• ASSIGNMENT
Please reproduce the listing below exactly, leaving out every picture.

• INFORMATION PROVIDED
▬▬▬▬▬▬▬▬▬▬

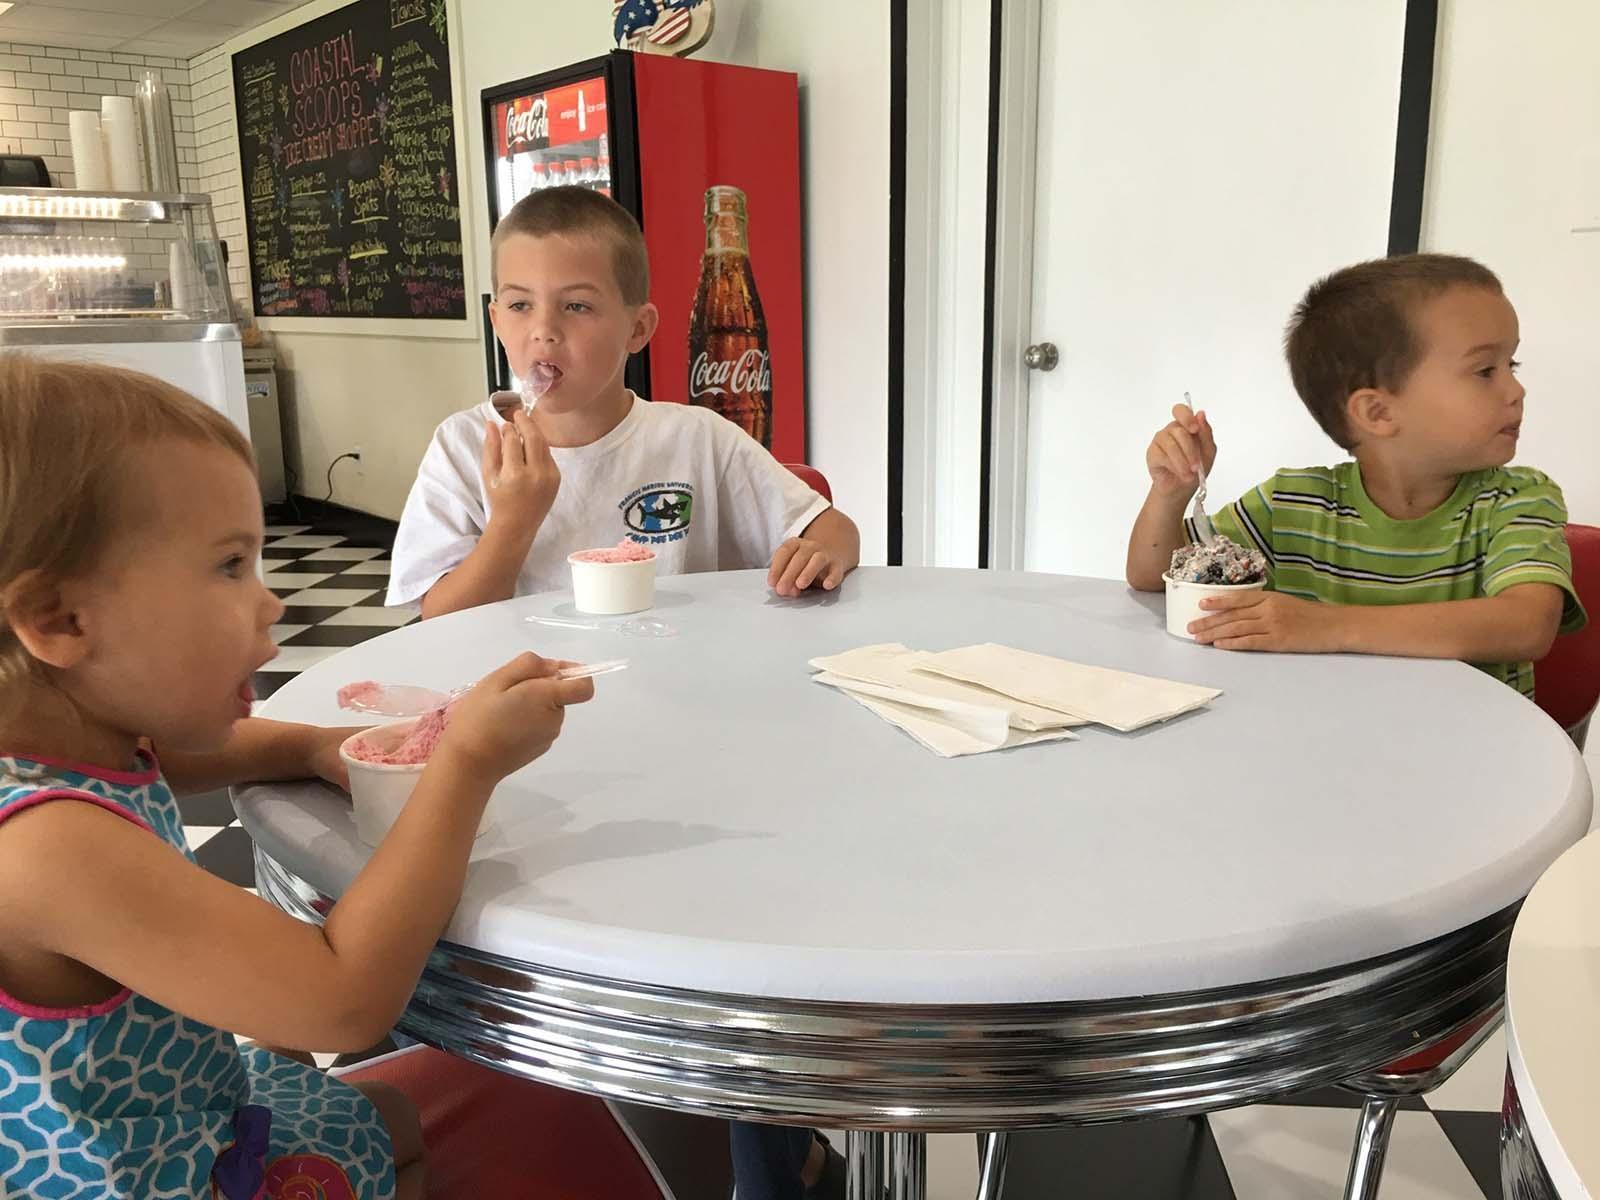 Siblings eating ice cream in coastal scoops
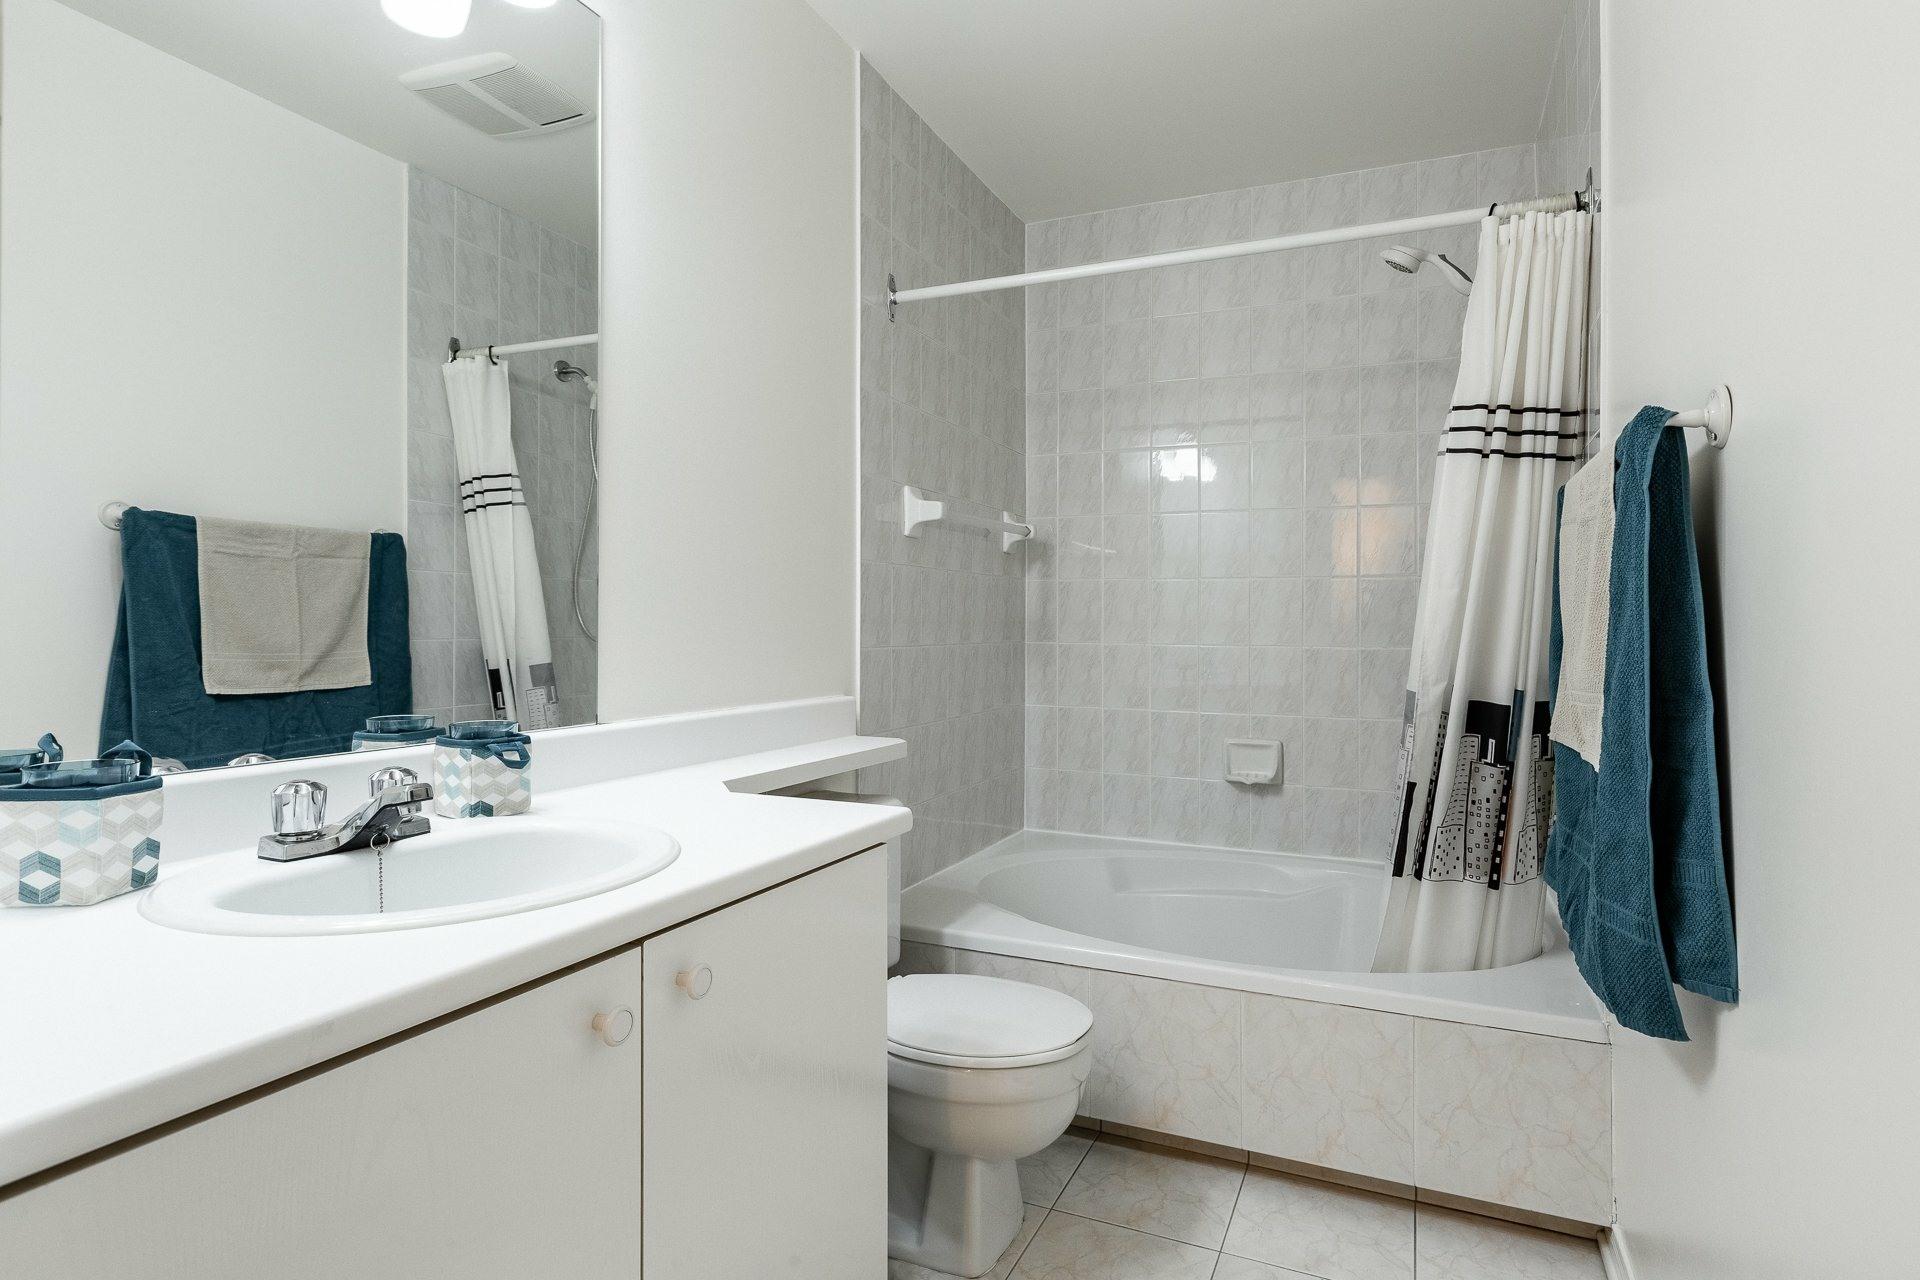 image 15 - Appartement À vendre Montréal Le Plateau-Mont-Royal  - 6 pièces
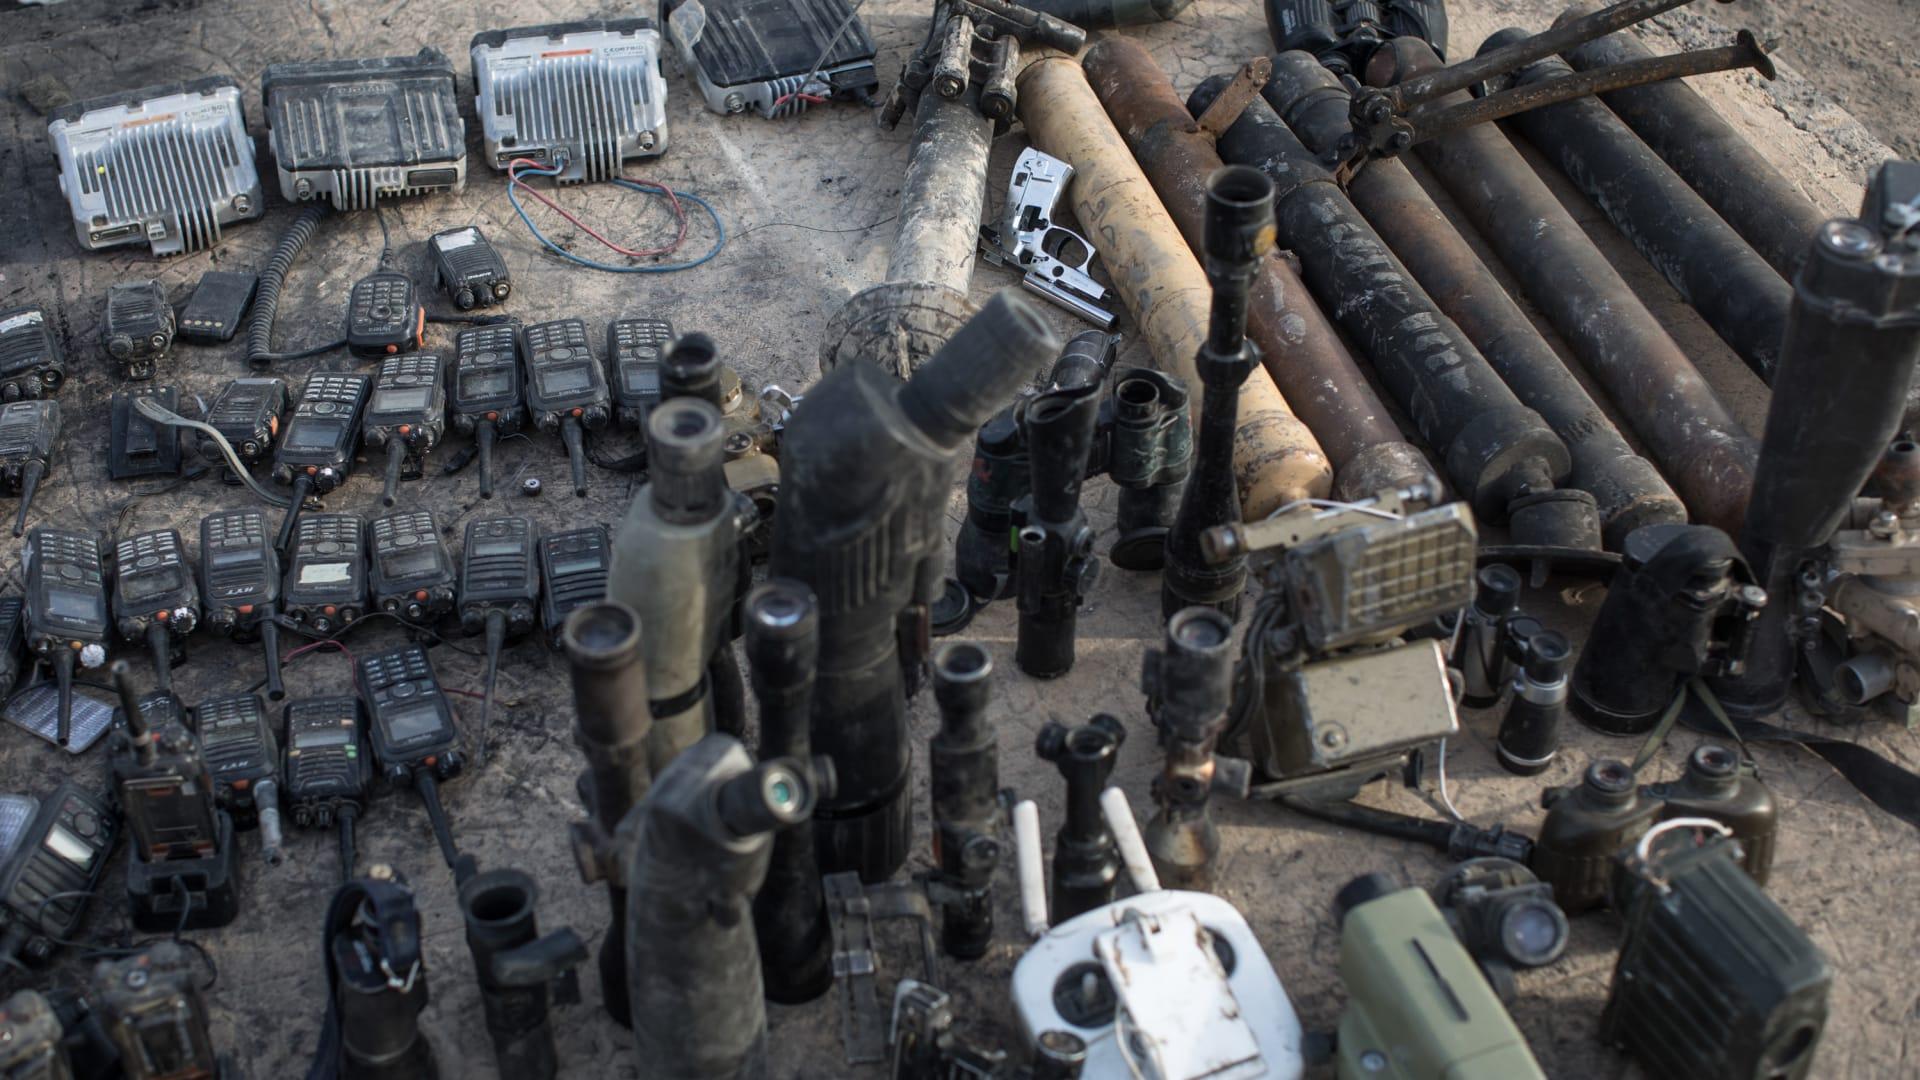 """قوات سوريا الديمقراطية تعلن تحرير """"الباغوز"""" بالكامل من داعش"""

▬▬▬▬▬▬▬▬▬▬

• EXERCISE RESPONSE
 Siblings eating ice cream in coastal scoops
 image 15 - Appartement À vendre Montréal Le Plateau-Mont-Royal  - 6 pièces
 """قوات سوريا الديمقراطية تعلن تحرير """"الباغوز"""" بالكامل من داعش"""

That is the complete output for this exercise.